## Provided material
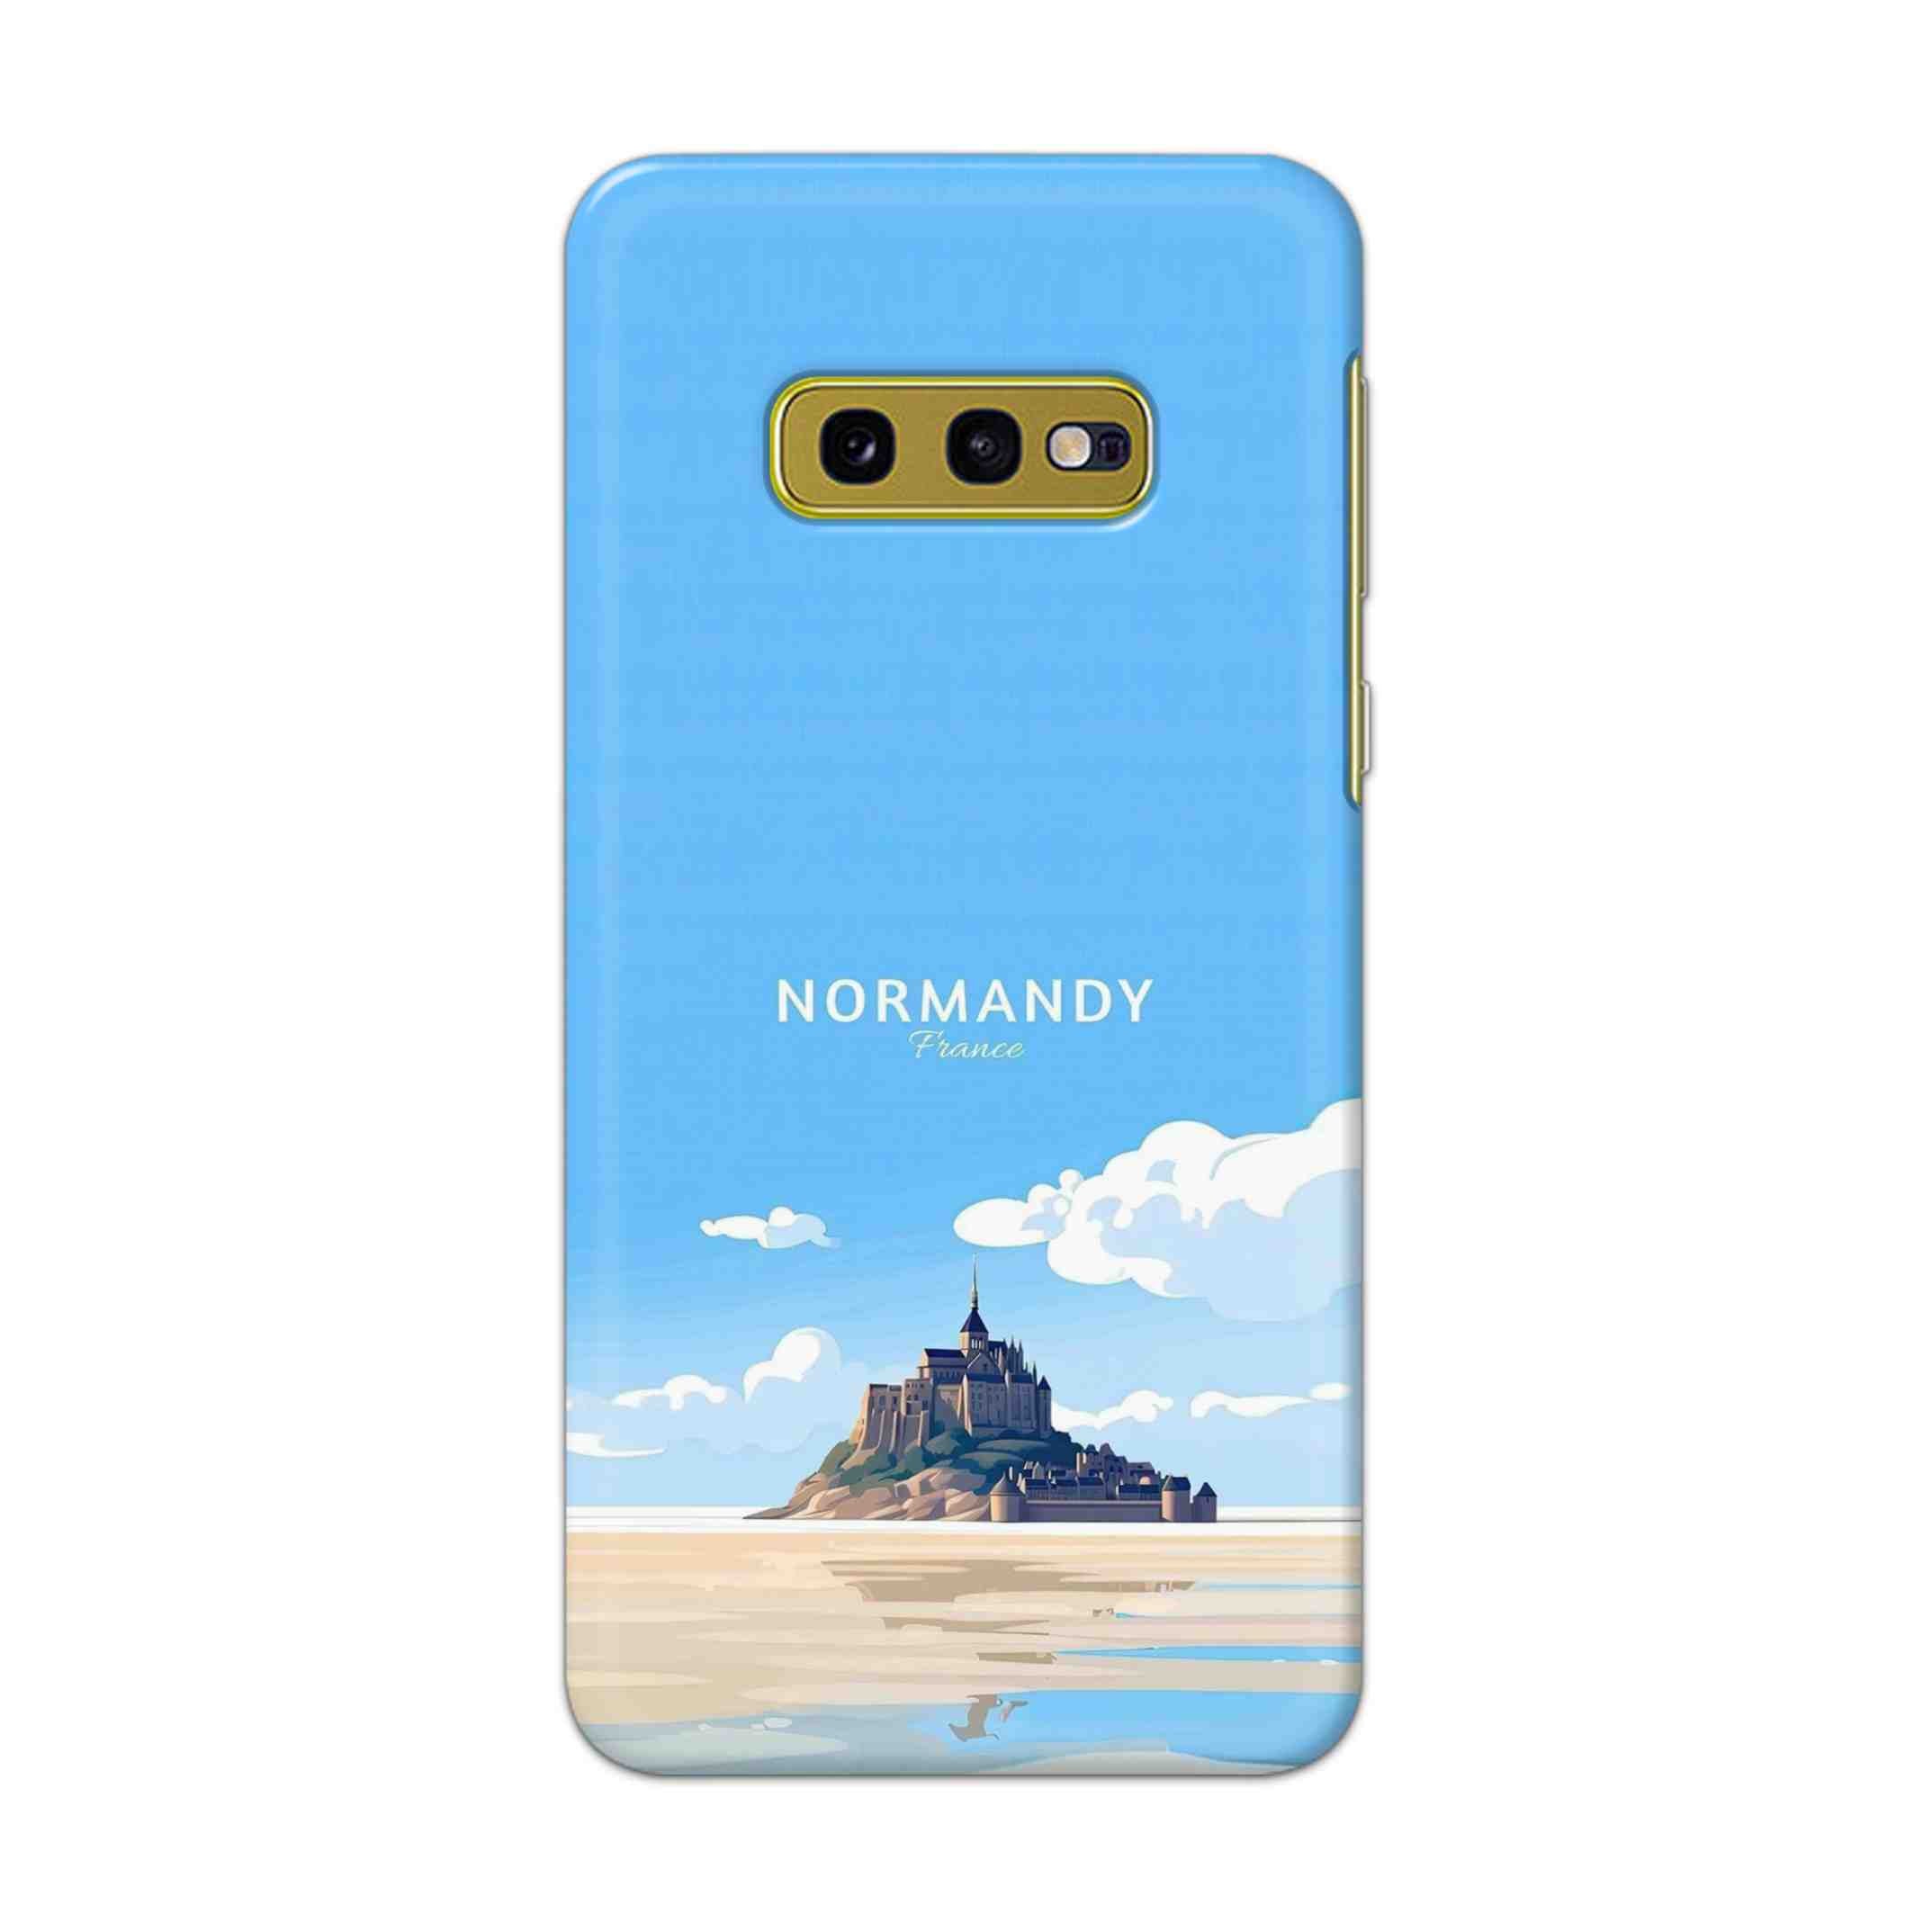 Buy Normandy Hard Back Mobile Phone Case Cover For Samsung Galaxy S10e Online
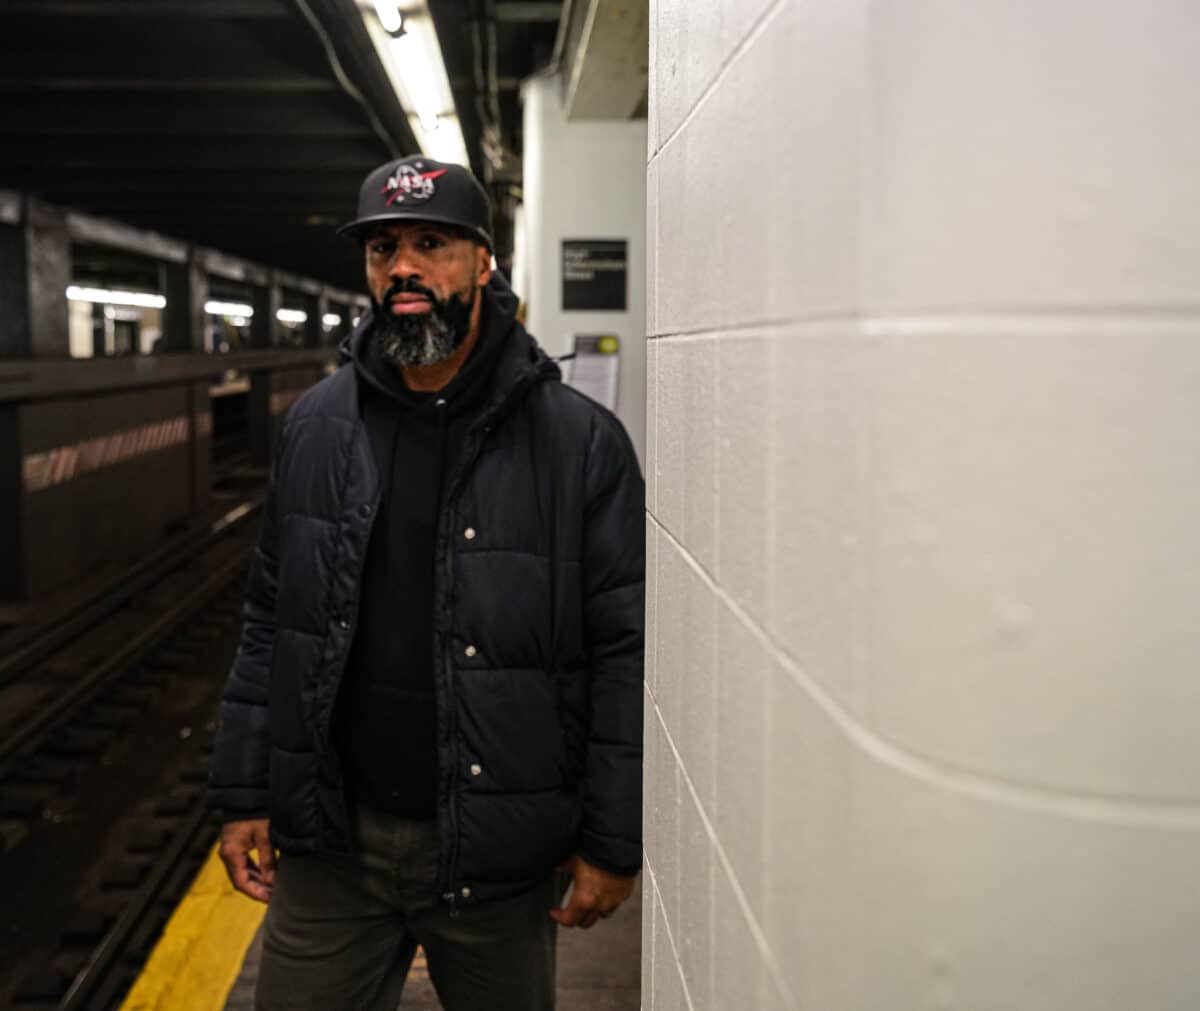 NYPD public safety team sergeant in the subway system
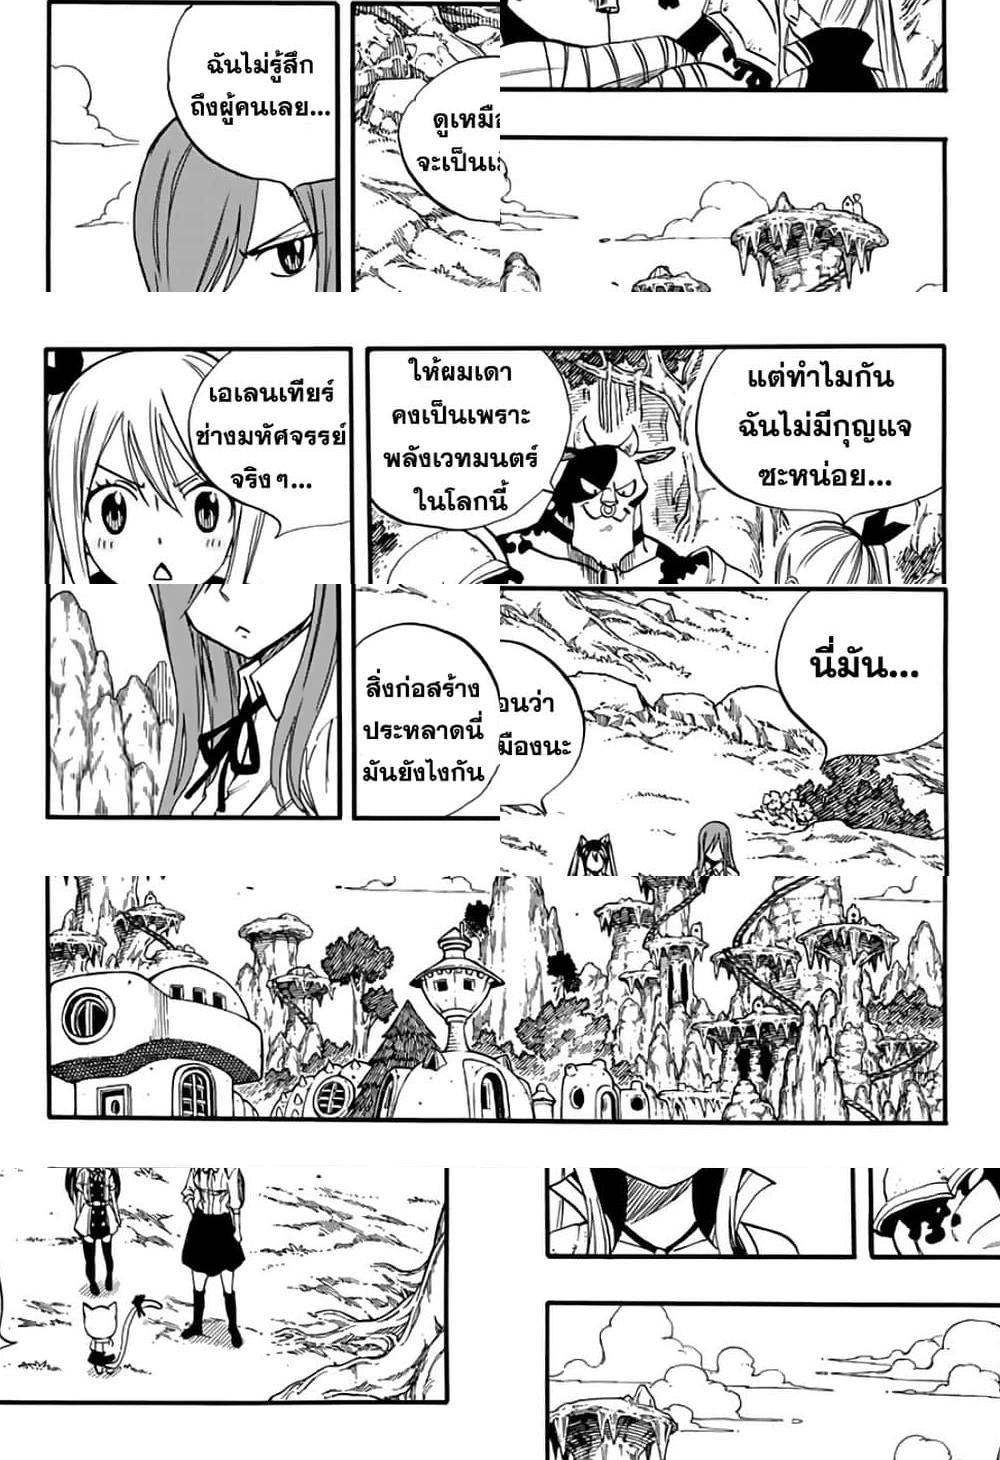 Fairy Tail: 100 Years Quest 69 TH

## Description of the task
Nothing but the lines from the line containing "NYPD public safety" through the end of the data, both ends included, is to be reproduced, exactly as written and without the pictures.

## Expected answer
 NYPD public safety team sergeant in the subway system
 Fairy Tail: 100 Years Quest 69 TH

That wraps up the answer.